Armenian cross found from Jerusalem 5-6th centuries
 
Armenian script-puzzle in Jerusalem. It is dated to the second half of the VII century

The Armenian alphabet was introduced by Mesrop Mashtots and Isaac of Armenia (Sahak Partev) in AD 405. Medieval Armenian sources also claim that Mashtots invented the Georgian and Caucasian Albanian alphabets around the same time. However, most scholars link the creation of the Georgian script to the process of Christianization of Iberia, a core Georgian kingdom of Kartli.[10] The alphabet was therefore most probably created between the conversion of Iberia under Mirian III (326 or 337) and the Bir el Qutt inscriptions of 430,[10] contemporaneously with the Armenian alphabet.[11] Traditionally, the following phrase translated from Solomon's Book of Proverbs is said to be the first sentence to be written down in Armenian by Mashtots:

Ճանաչել զիմաստութիւն եւ զխրատ, իմանալ զբանս հանճարոյ:
Čanačʿel zimastutʿiun yev zxrat, imanal zbans hančaroy.
To know wisdom and instruction; to perceive the words of understanding.

— Book of Proverbs, 1:2.

Various scripts have been credited with being the prototype for the Armenian alphabet.

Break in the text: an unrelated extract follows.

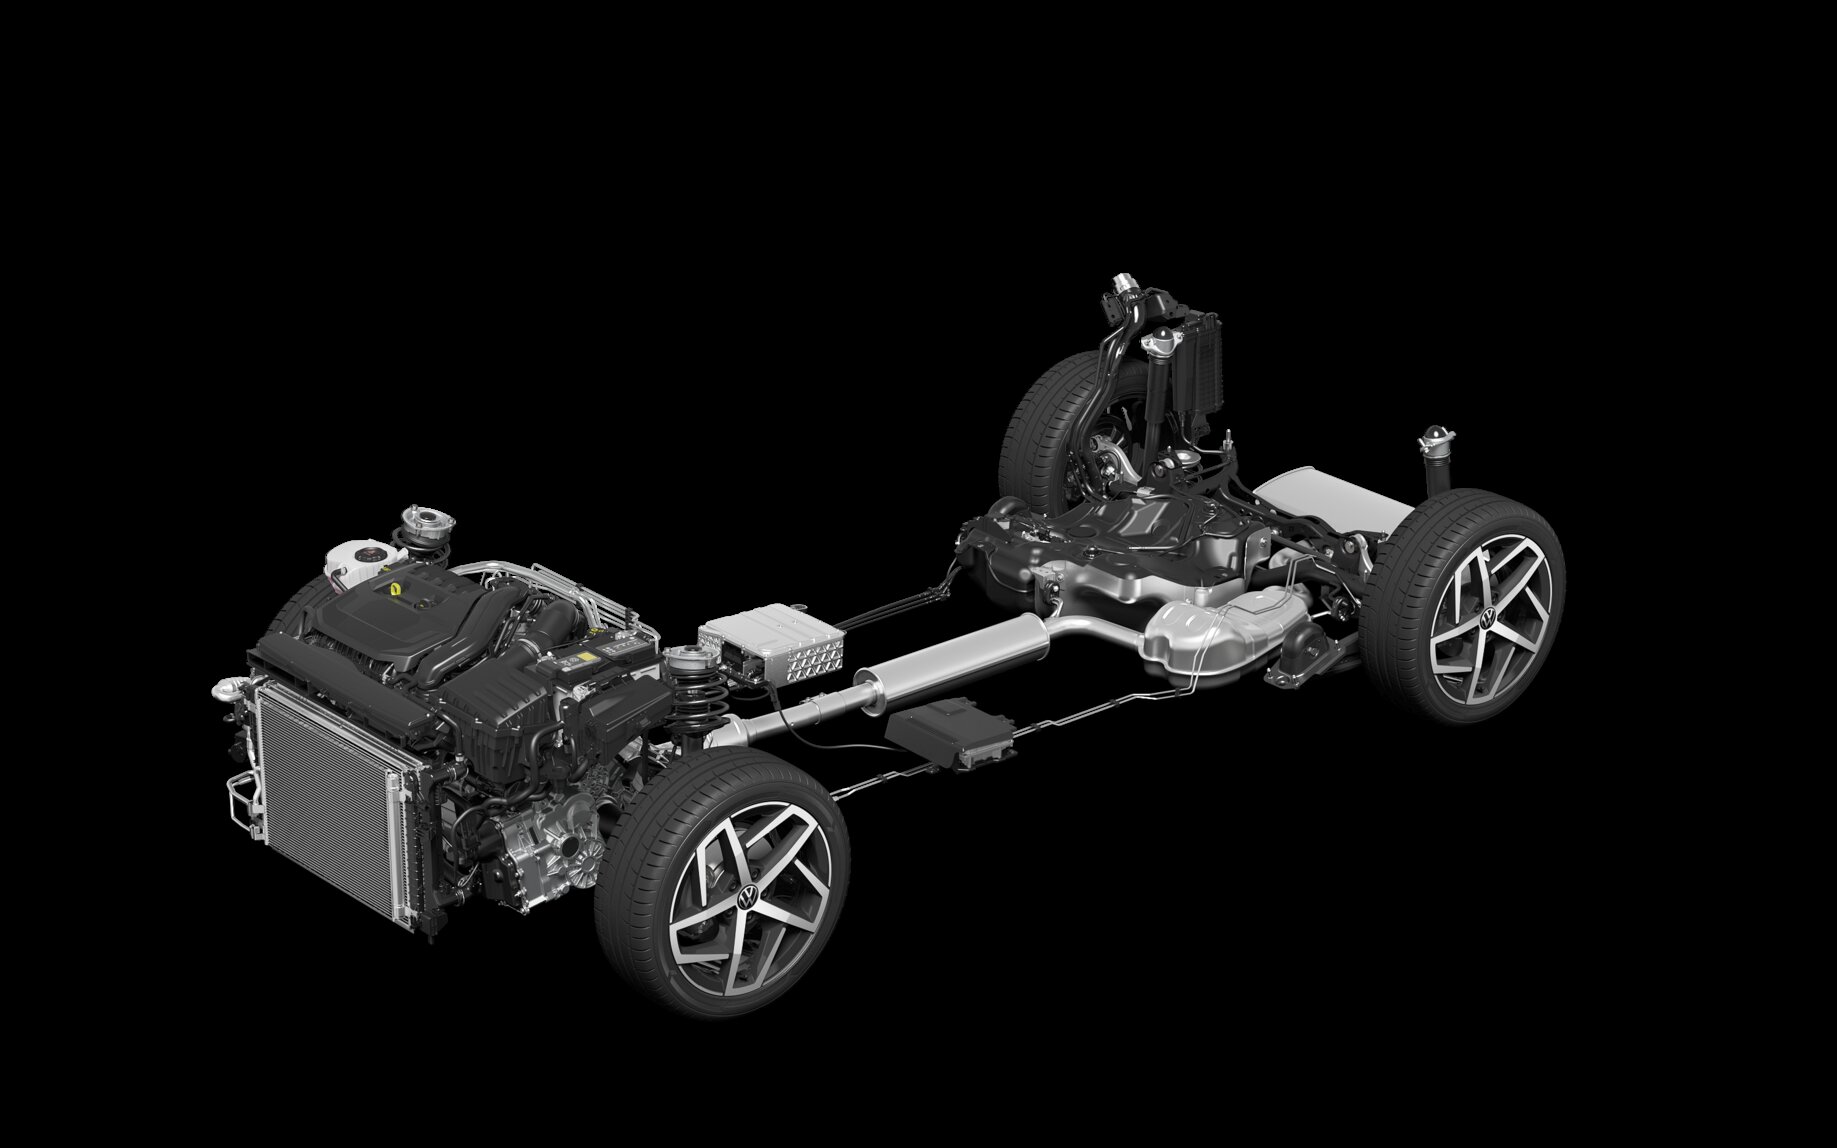 Motory TSI evo (eTSI) se zdvihovým objemem 1,0 a 1,5 litru jsou doma v téměř všech modelových řadách Volkswagenu
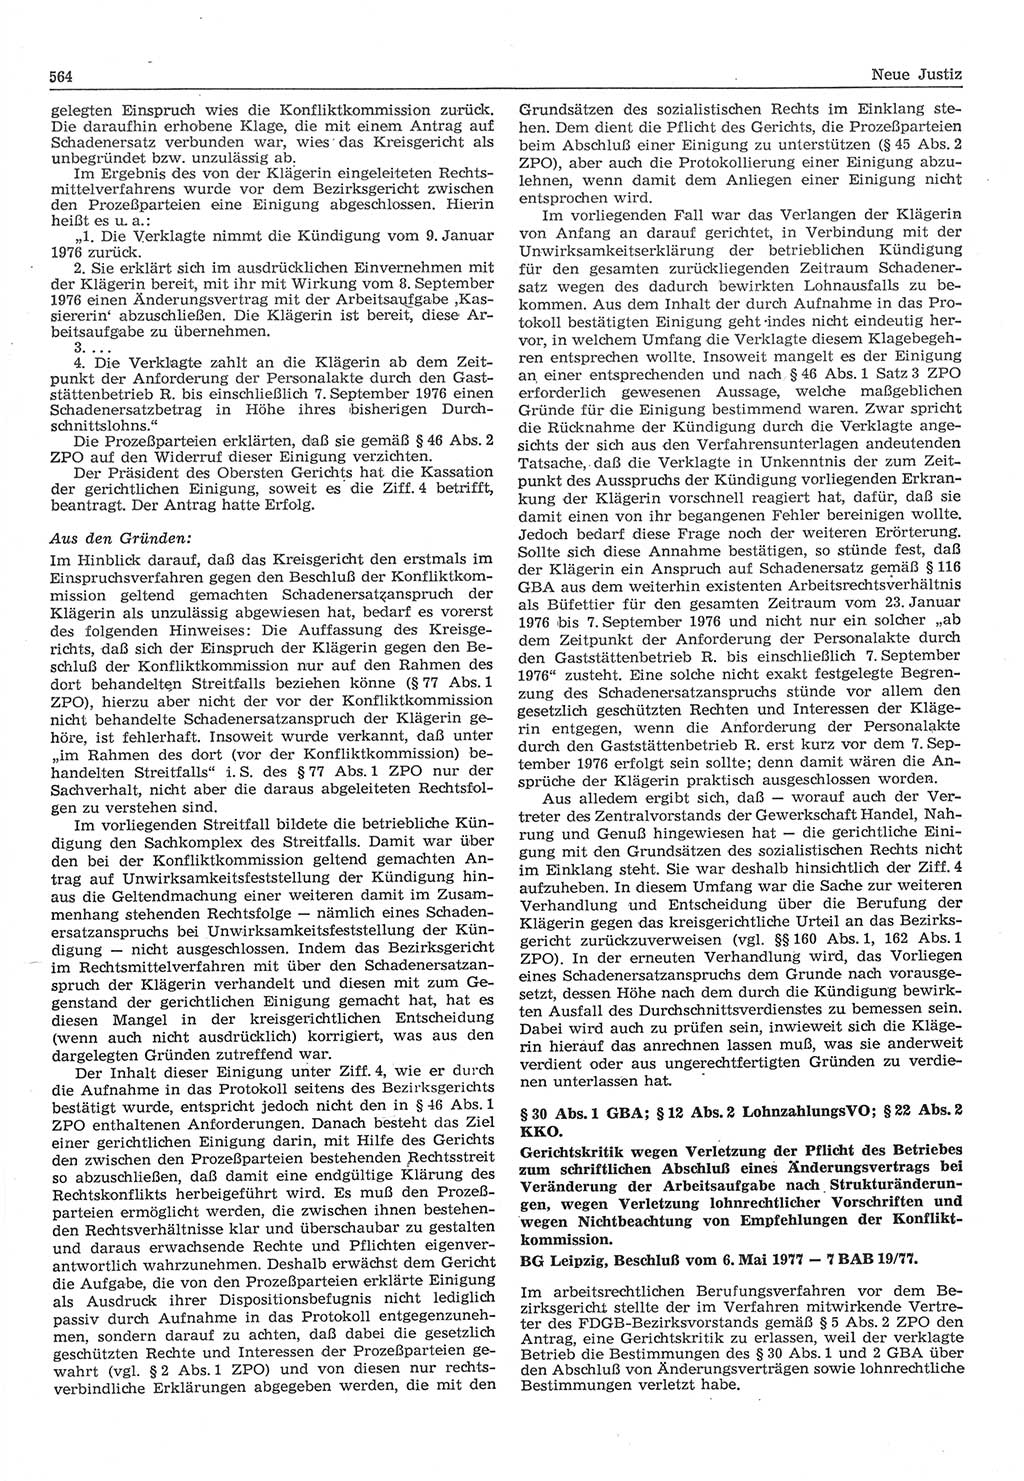 Neue Justiz (NJ), Zeitschrift für Recht und Rechtswissenschaft-Zeitschrift, sozialistisches Recht und Gesetzlichkeit, 31. Jahrgang 1977, Seite 564 (NJ DDR 1977, S. 564)

Pahlavi was the priestly script in Armenia before the introduction of Christianity, and Syriac, along with Greek, was one of the alphabets of Christian scripture. Armenian shows some similarities to both. However, the general consensus is that Armenian is modeled after the Greek alphabet, supplemented with letters from a different source or sources for Armenian sounds not found in Greek. This is suggested by the Greek order of the Armenian alphabet; the ow ligature for the vowel /u/, as in Greek; the similarity of the letter ի /i/ in shape and sound value to Cyrillic Ии and (Modern) Greek Ηη; and the shapes of letters which "seem derived from a variety of cursive Greek", including Greek/Armenian pairs Θ/թ, Φ/փ, and Β/բ.[2] It has been speculated by some scholars in African studies, following Dimitri Olderogge, that the Ge'ez script had an influence on certain letter shapes,[12] but this has not been supported by any experts in Armenian studies.

 
Armenian alphabet letter in Geghard Monastery
 
Armenian alphabet latter in Kecharis Monastery
 
Armenian alphabet letter in Makaravank Monastery
 
Armenian manuscript of the 10th or 11th century. History of Armenia of Movses Khorenatsi

There are four principal calligraphic hands of the script. Erkatagir, or 'ironclad letters', seen as Mesrop's original, was used in manuscripts from the 5th to 13th century and is still preferred for epigraphic inscriptions. Bolorgir, or 'cursive', was invented in the 10th century and became popular in the 13th. It has been the standard printed form since the 16th century. Notrgir, or 'minuscule', invented initially for speed, was extensively used in the Armenian diaspora in the 16th to 18th centuries, and later became popular in printing. Sheghagir, or 'slanted writing', is now the most common form.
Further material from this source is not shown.